In her Psychological Assessment Notes related to the October 24, 2019 examination, the WCB's psychological advisor opined that there did not appear to be "…a psychological condition that would preclude [the worker's] participation in some form of paid employment, although on a graduated and/or part-time basis initially." The advisor further opined that based on the reports of the treating psychologists, there did "…appear to be Somatic Symptom Disorder with significant disability focus and a reported sedentary lifestyle," and that functional clarification with respect to the worker's capabilities might be beneficial.

On May 11, 2020, the WCB received a final discharge report from the worker's second treating psychologist, who again opined that the worker presented with Adjustment Disorder with Mixed Anxiety and Depressed Mood and Somatic Symptom Disorder, with pre-dominant pain. The psychologist further opined that the worker had reached maximum medical improvement and would not benefit from an extension of treatment. The worker's current general prognosis was noted to be poor. Under recommendations, the psychologist noted "From a psychological stand point, there are no psychological factors to preclude [the worker's] future return to employment. He does not present with symptoms of mental disorders and he denied having suicidal thoughts or intent."

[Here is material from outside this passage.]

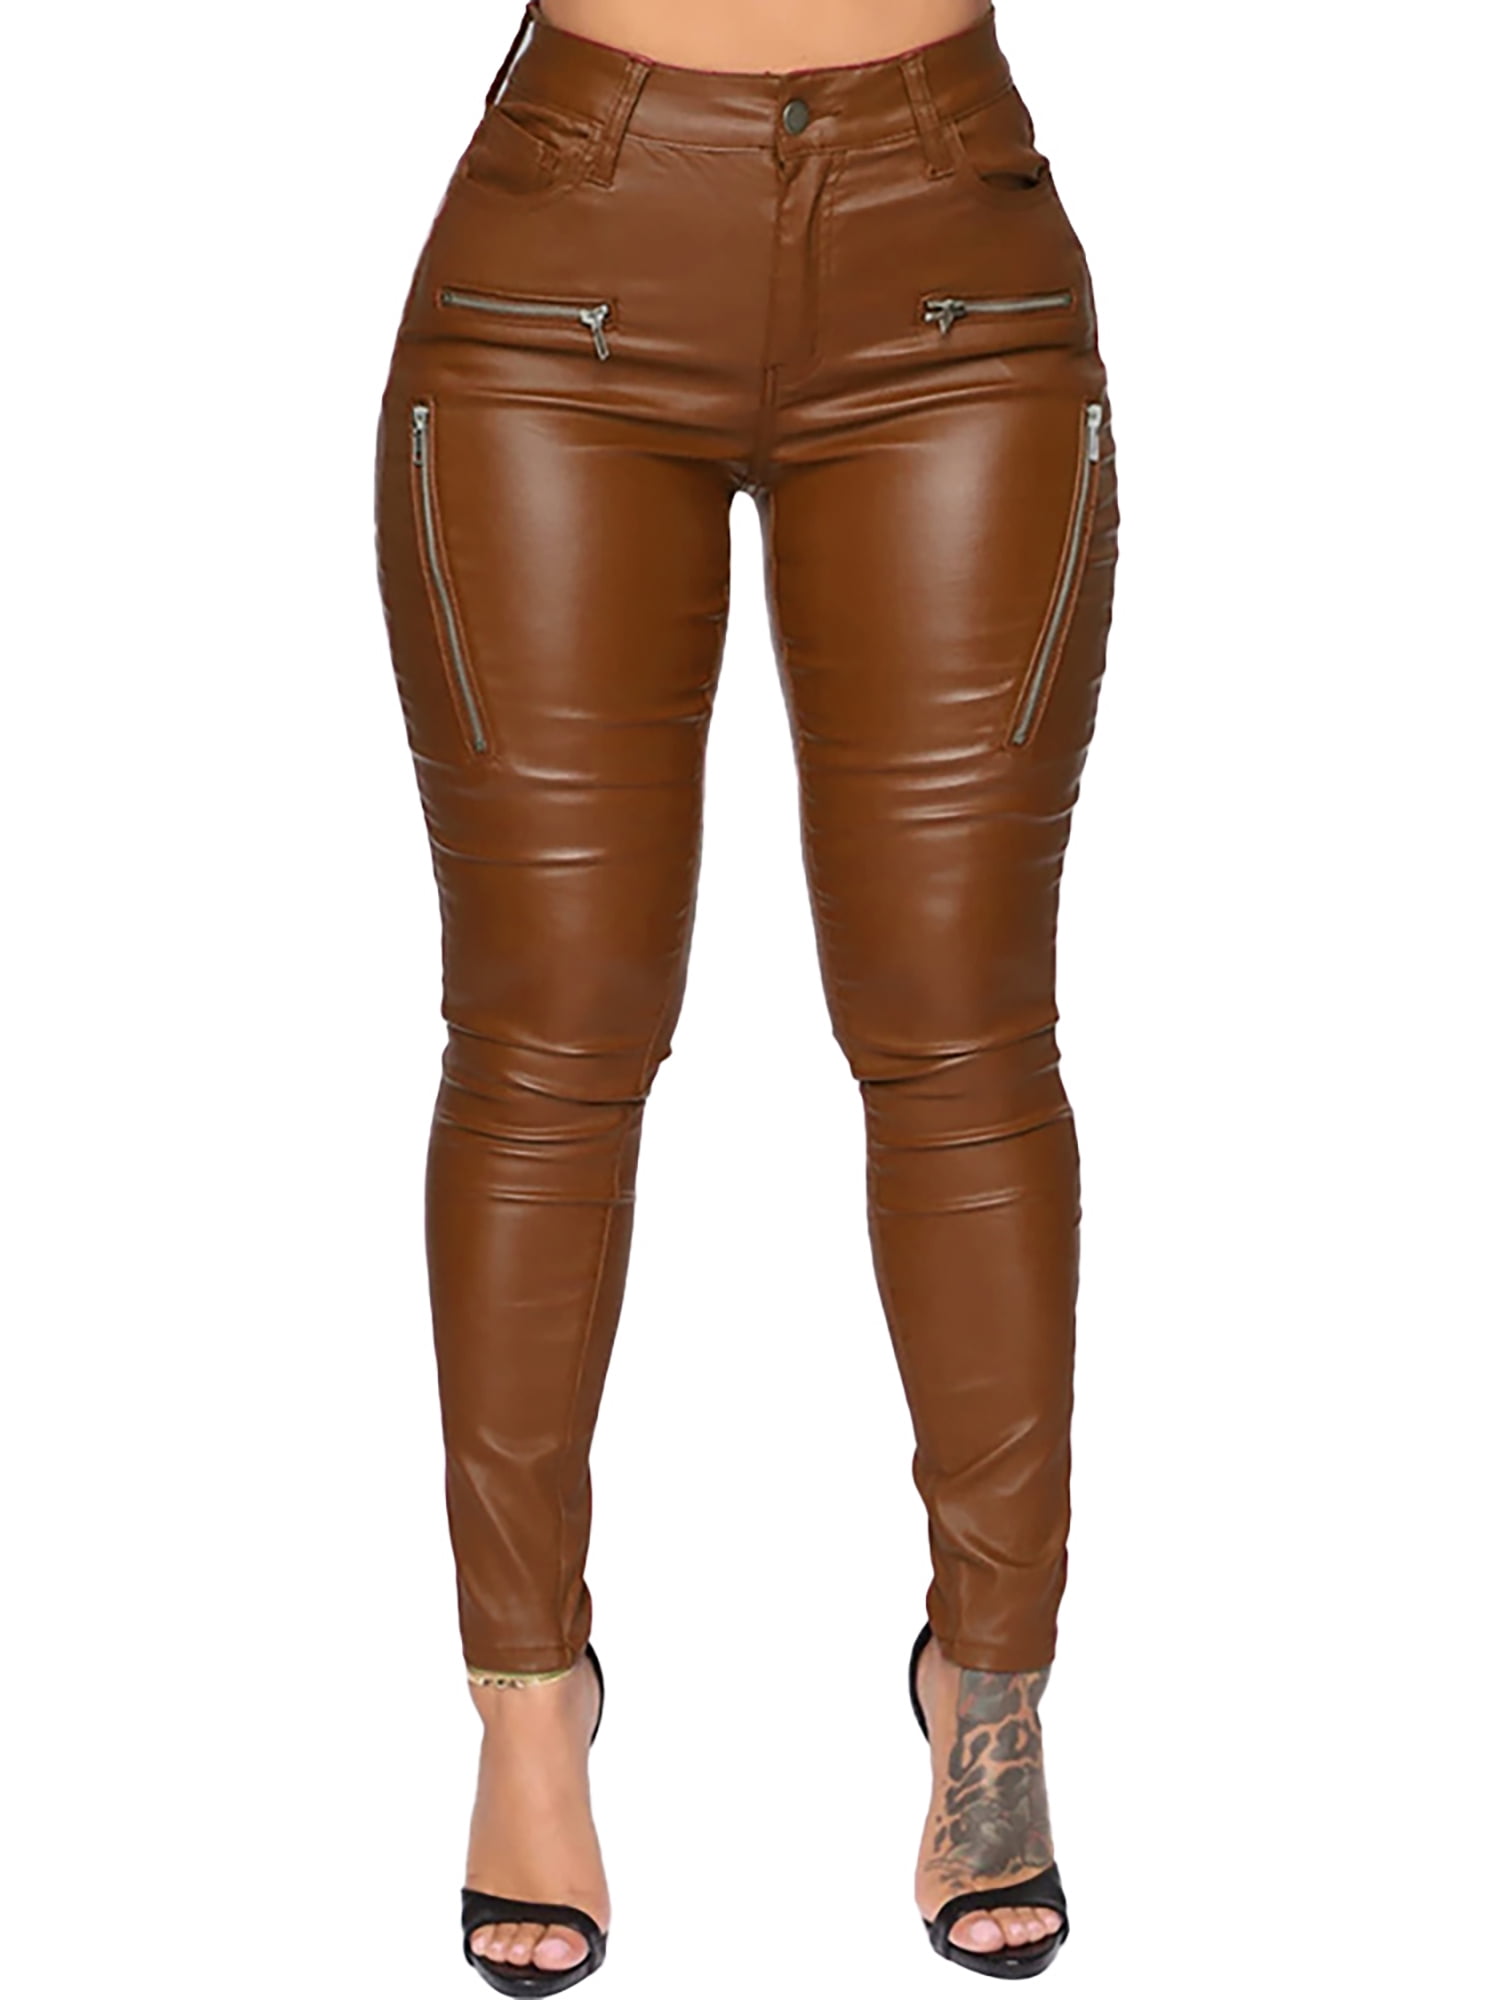 Women Wet Look PU Leather Skinny Leggings High Waisted Stretch Trousers  Pants
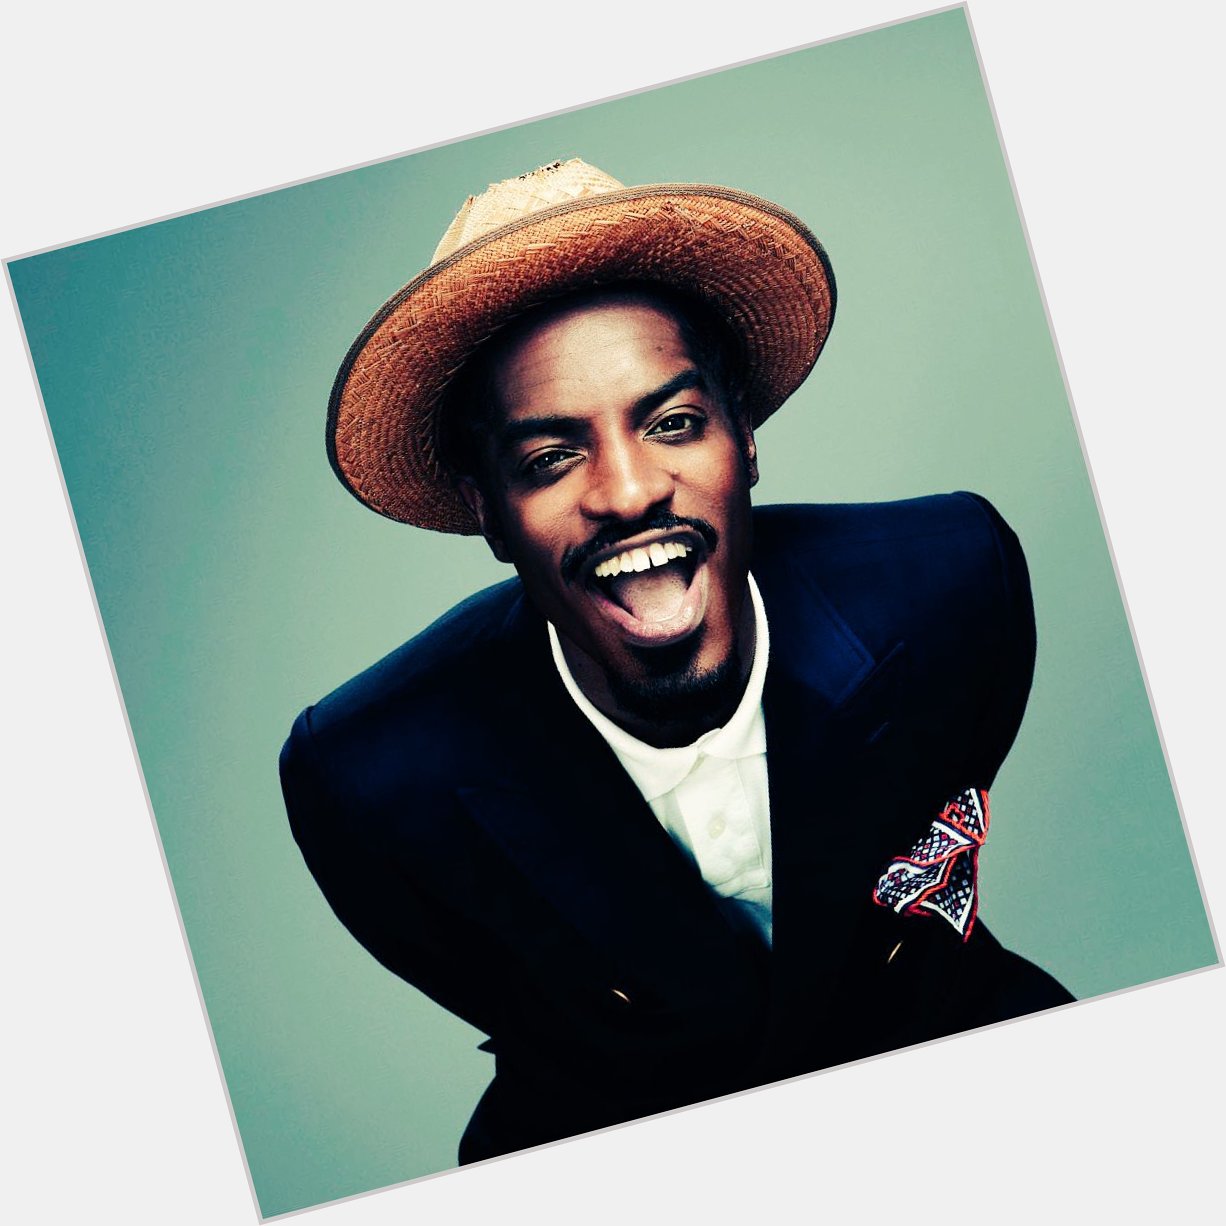 Turn up some 3 Stacks today! Happy Birthday Andre 3000.

In a letter to the worker dated January 20, 2021, the WCB noted that the worker had been referred for psychological services in July 2019 and in May 2020, the worker's treating psychologist discharged the worker from treatment, indicating there were no psychological factors to preclude the worker's future return to employment. The WCB noted that a similar opinion was provided following assessment by the WCB's Pain Management Unit on October 24, 2019. The WCB advised the worker that his file would therefore be referred to a committee to determine if his Vocational Rehabilitation Plan was appropriate. On February 10, 2021, the WCB's Deem Committee agreed with the recommendation that the earning capacity for NOC 2282 should be implemented and the worker's wage loss benefits reduced equivalent to the earning capacity for that NOC.

On February 18, 2021, the WCB received a report from the worker's treating family physician indicating the worker had a telephone visit on February 8, 2021 regarding increased anxiety and feeling depressed. The physician noted the worker complained of having anxiety attacks three times a day, as well as low mood, irritability, withdrawing from family and friends, difficulty with sleep, lack of interest and low energy. The physician noted the worker was started on medication to help with his anxiety and depression and referred to a psychiatrist. The physician opined that the worker was not able to return to work due to his mental health and required further psychiatric assessment and management.

On March 1, 2021, the WCB advised the worker that effective February 23, 2021, being the date of completion of the Vocational Rehabilitation Plan, his wage loss benefits would be reduced based on the earning capacity in NOC 2282.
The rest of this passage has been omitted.